Anti-Pattern 7: SELECT * When You Need Two Columns

# BAD: reads all 50 columns from database
df = spark.read.format("jdbc").option("dbtable", "orders").load()
result = df.select("order_id", "total").filter("total > 100")

# The column pruning optimization should handle this, but verify with explain()
# If the ReadSchema still shows all columns, use a subquery:

# GUARANTEED column pruning via subquery:
df = spark.read.format("jdbc") \
.option("dbtable", "(SELECT order_id, total FROM orders WHERE total > 100) AS subq") \
.load()

Anti-Pattern 8: Using query Option with Partitioning

# BAD: query option CANNOT be used with partitionColumn
# This will throw an error
df = spark.read.format("jdbc") \
.option("query", "SELECT * FROM orders WHERE year = 2025") \
.option("partitionColumn", "order_id") \
.option("lowerBound", "1") \
.option("upperBound", "10000000") \
.option("numPartitions", "50") \
.load()
# ERROR: Options 'query' and 'partitionColumn' can not be specified together

# GOOD: use dbtable with a subquery instead
df = spark.read.format("jdbc") \
.option("dbtable", "(SELECT * FROM orders WHERE year = 2025) AS filtered") \
.option("partitionColumn", "order_id") \
.option("lowerBound", "1") \
.option("upperBound", "10000000") \
.option("numPartitions", "50") \
.load()
# Spark appends partition WHERE clauses to the subquery
# Each partition runs: SELECT * FROM (SELECT * FROM orders WHERE year = 2025) AS filtered
# WHERE order_id >= X AND order_id < Y

Advanced Patterns

Using dbtable with Subquery for Pre-Filtering

The dbtable option accepts any valid SQL FROM clause, including subqueries. This lets you push complex logic to the database before Spark even starts reading.

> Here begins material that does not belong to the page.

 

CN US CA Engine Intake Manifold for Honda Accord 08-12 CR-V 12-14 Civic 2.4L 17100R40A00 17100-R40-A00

# Pre-filter and pre-aggregate in the database
df = spark.read.format("jdbc") \
.option("url", url) \
.option("dbtable", """
(SELECT
customer_id,
COUNT(*) as order_count,
SUM(total) as lifetime_value,
MAX(order_date) as last_order_date
FROM orders
WHERE status != 'CANCELLED'
GROUP BY customer_id
HAVING COUNT(*) >= 5
) AS active_customers
""") \
.option("partitionColumn", "customer_id") \
.option("lowerBound", "1") \
.option("upperBound", "1000000") \
.option("numPartitions", "20") \
.option("fetchSize", "10000") \
.load()

# The database does the heavy lifting (filter + aggregate)
# Spark reads only the aggregated result (~100K rows instead of 100M)

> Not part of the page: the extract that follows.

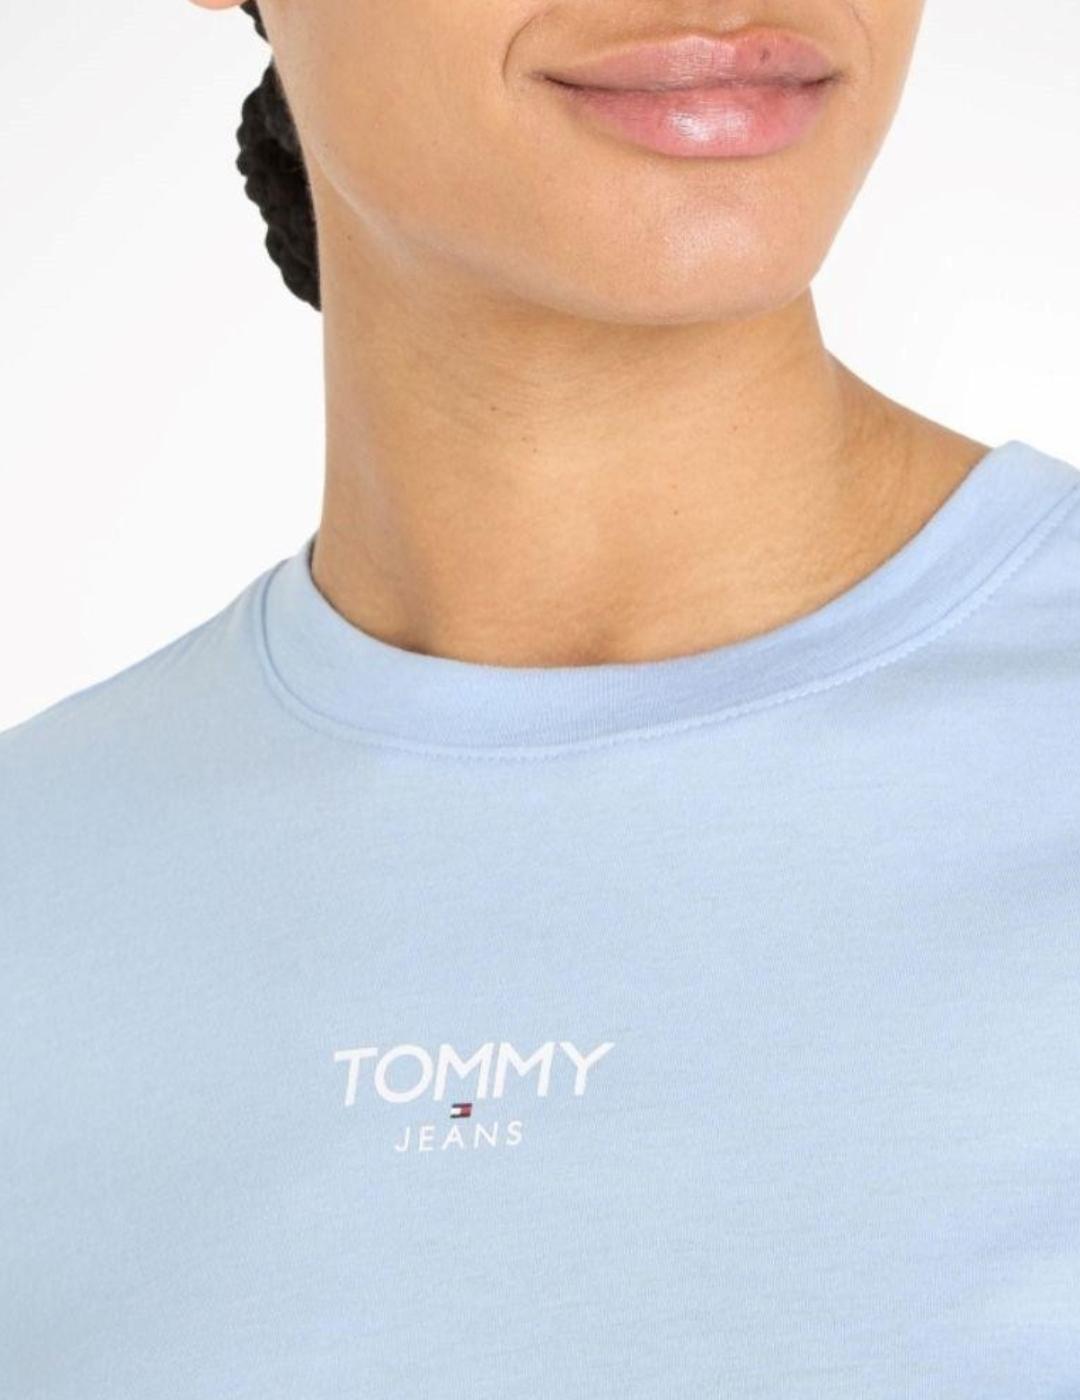 Camiseta Tommy Jeans para Chica azul claro

Important: When using subqueries with dbtable, Spark appends its partition WHERE clauses to the outer query. The subquery must be wrapped in parentheses and have an alias.

Incremental Reads with Watermark Columns

For incremental ETL, read only rows that changed since the last run:

from pyspark.sql import functions as F

# Get the high watermark from the last successful run
last_watermark = spark.read.format("jdbc") \
.option("dbtable",
"(SELECT MAX(updated_at) as hw FROM etl_watermarks WHERE table_name = 'orders') AS wm") \
.load().collect()[0]["hw"]

# Read only new/changed rows since the watermark
new_rows = spark.read.format("jdbc") \
.option("dbtable", f"""
(SELECT * FROM orders
WHERE updated_at > '{last_watermark}'
) AS incremental
""") \
.option("partitionColumn", "order_id") \
.option("lowerBound", "1") \
.option("upperBound", "100000000") \
.option("numPartitions", "20") \
.option("fetchSize", "10000") \
.load()

# Process incremental data
processed = new_rows.transform(apply_business_logic)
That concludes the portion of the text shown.